Yes. Christopher A. Viehbacher: So this is going to be -- there's going to be ups and downs in all of this. You're going to have Arab Springs, you're going to have price decreases here and there. I think the objective is, is that the portfolio of these businesses can grow. But that's why we've never really been able to say [Audio Gap] don't expect the same rate of growth quarter-to-quarter because you're going to have these one-off events. I still say that having, again, been on the ground there and I look at the emerging middle classes that over time, this is still the biggest growth lever this industry has in terms of -- certainly in terms of volume. And we're going to see, I think, 2 major growth opportunities emerge. One in new product sales in the U.S. because I continue to believe that the U.S. is a market that will value innovation. And we also have, then, emerging markets. So those are for us -- and when you look at Sanofi, I think that's going to play out. We are the leading company in emerging markets, and I think we're well positioned to grab whatever growth is there. But I also think that the launch of new products creates a significant growth opportunity.

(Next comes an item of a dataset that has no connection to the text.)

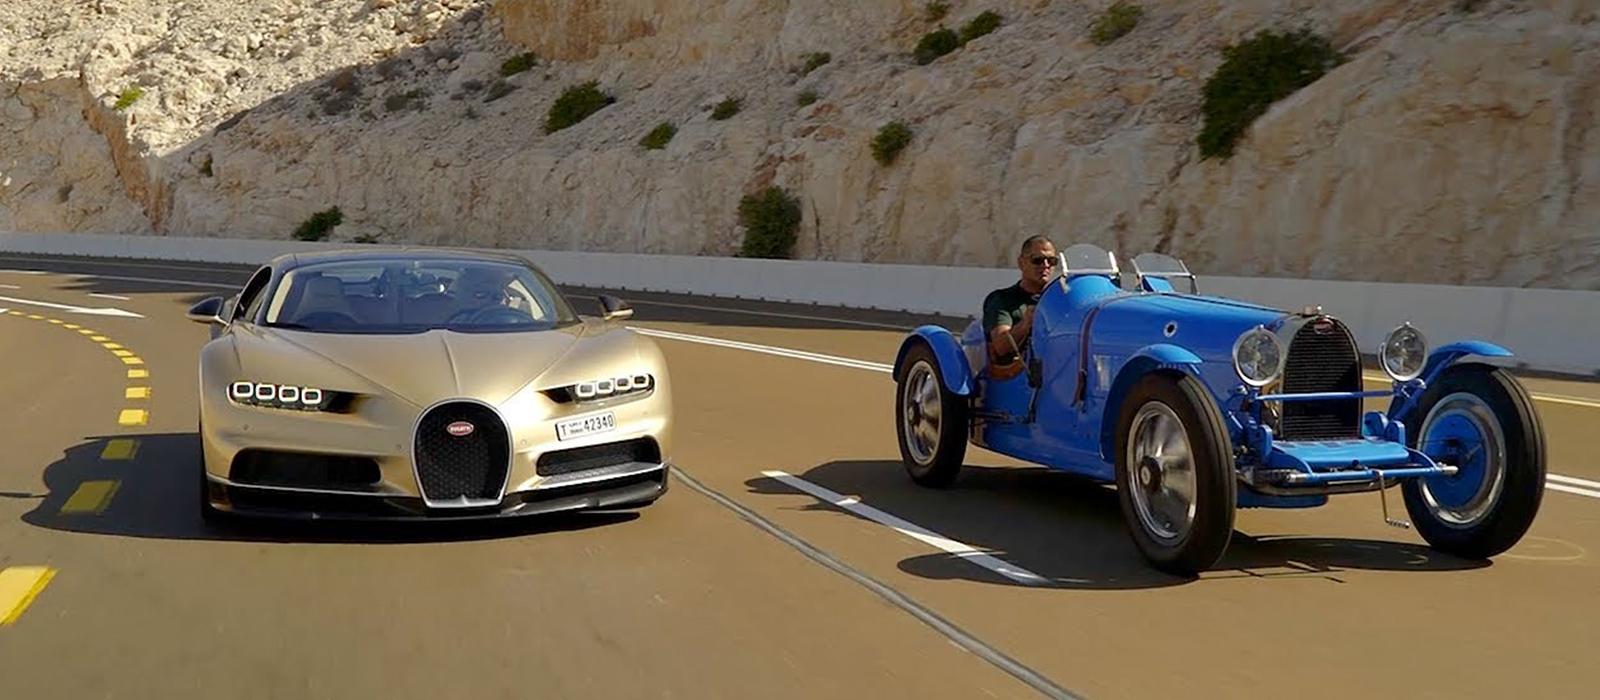 Chris Harris drives the Pur Sang Bugatti Type 35

So that's, I think, how things are going to shape up. Sébastien Martel: Thanks, Chris. Well, maybe before closing, I would simply like to confirm that we will indeed host an IR conference call on Monday, June 24, during the ADA Congress. We'll go over the results of EDITION I. Also we'll share the top line of EDITION II. We will take advantage of that IR call to provide you with more details on the timelines for Phase III start of our Lantus/Lyxumia fixed-dose combination. And we should be able to send a save-the-date shortly. Just on a personal note, I'd like to also thank warmly Hanspeter for the contribution he's done to Investor Relations, at least, ever since I joined Sanofi. It's been a pleasure working with him. And with that, I'd like to thank you all for your participation, and wish everybody a good day.
Thank you. Ladies and gentlemen, this concludes the conference call. Thank you all for your participation. You may now disconnect.